Aveva chiuso tutto prima di salire, non poteva essere un colpo di vento. 
Forse se lo era immaginato?
Deglutì a vuoto, alzandosi e raggiungendo lentamente la porta e poi la balaustra sulle scale di legno, guardando giù, verso il salotto. Sul tappeto persiano, lo vedeva da quell'altezza, c'erano ancora tracce dei glitter del suo costume. Sua madre l'avrebbe ammazzata se non fosse riuscita a toglierli, ma quel pensiero fu stranamente confortevole in quel momento. Avrebbe davvero voluto che sua mamma fosse lì a sgridarla, in quel momento. 

Si sgridò: non c'era nessuno in casa. 

Probabilmente aveva lasciato una finestra socchiusa e il vento...

Sobbalzò, sentendo brividi gelidi di panico attraversarle la schiena.
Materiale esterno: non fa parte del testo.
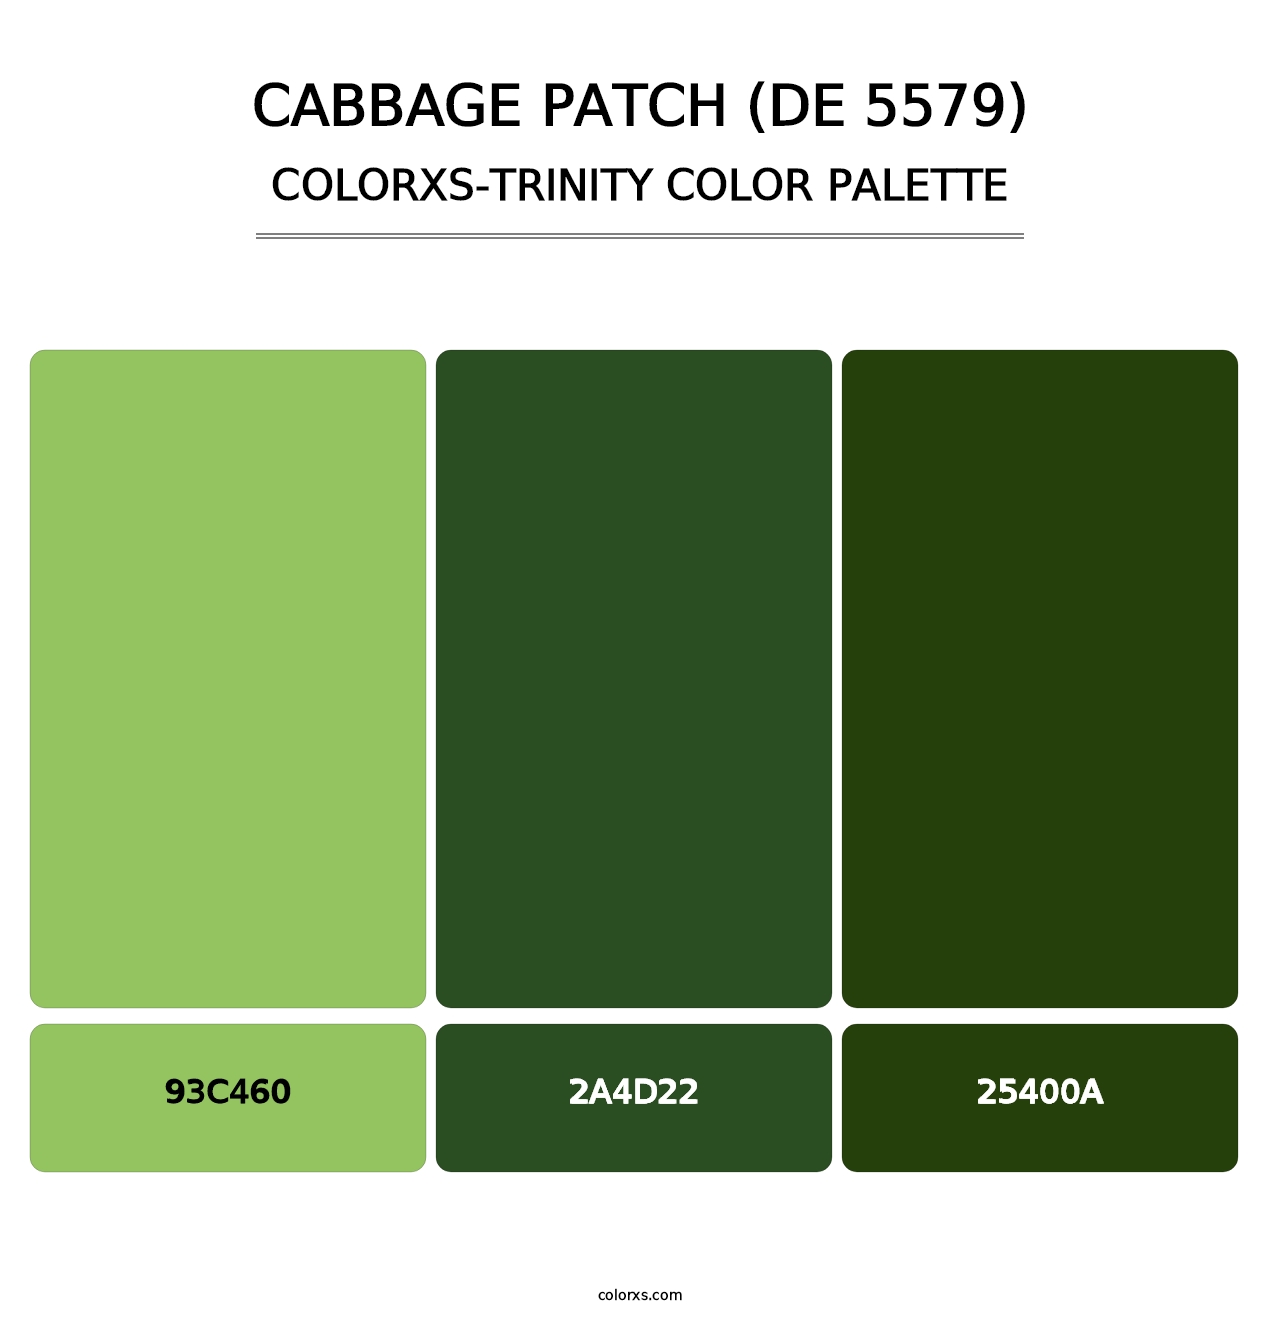 Cabbage Patch (DE 5579) - Colorxs Trinity Palette

Stavolta lo aveva sentito distintamente: il rumore di una porta che si chiudeva e poi di un oggetto di metallo che sbatteva su qualcosa... forse il marmo della cucina? 
Era possibile che i suoi genitori fossero tornati prima? 

-Mamma?- Chiamò, impaurita e incerta, sentendosi stupida subito dopo. Non riusciva a ragionare lucidamente, e seppe con assoluta certezza che quello che dicevano, circa la lucidità che ipoteticamente verrebbe fuori negli esseri umani nel momento di panico, era una fesseria. Almeno, lo era nel suo caso. 

Cominciò a scendere le scale, mentre faceva il numero della stazione di polizia di Templewood: a quell'ora, Carl Lowell si stava sicuramente preparando per andare a casa, ma qualcuno ci sarebbe senz'altro stato per rispondere al telefono, no? 

-Mamma?- Chiamò di nuovo, pensando che forse, se anche fosse stato un ladro, sarebbe fuggito sentendo che c'era qualcuno e che qualcun altro sarebbe potuto arrivare. "Non essere idiota" la sgridò una vocina nella testa che somigliava terribilmente a quella di Katherine. "Avevi la musica a tutto volume, sanno già che sei in casa. E probabilmente a questo punto sanno anche che sei sola". 

E se fosse stato il ladro che aveva attaccato Mary Bennett? 

Ormai era arrivata in fondo alle scale. Posò leggera un piede sul tappeto, saltando l'ultimo gradino che scricchiolava, e si premette contro il muro. Le sudavano le mani, ma adesso riusciva a vedere impronte di fango e terra sul pavimento, all'ingresso della cucina: qualcuno era entrato in casa, probabilmente passando dalla porta sul retro.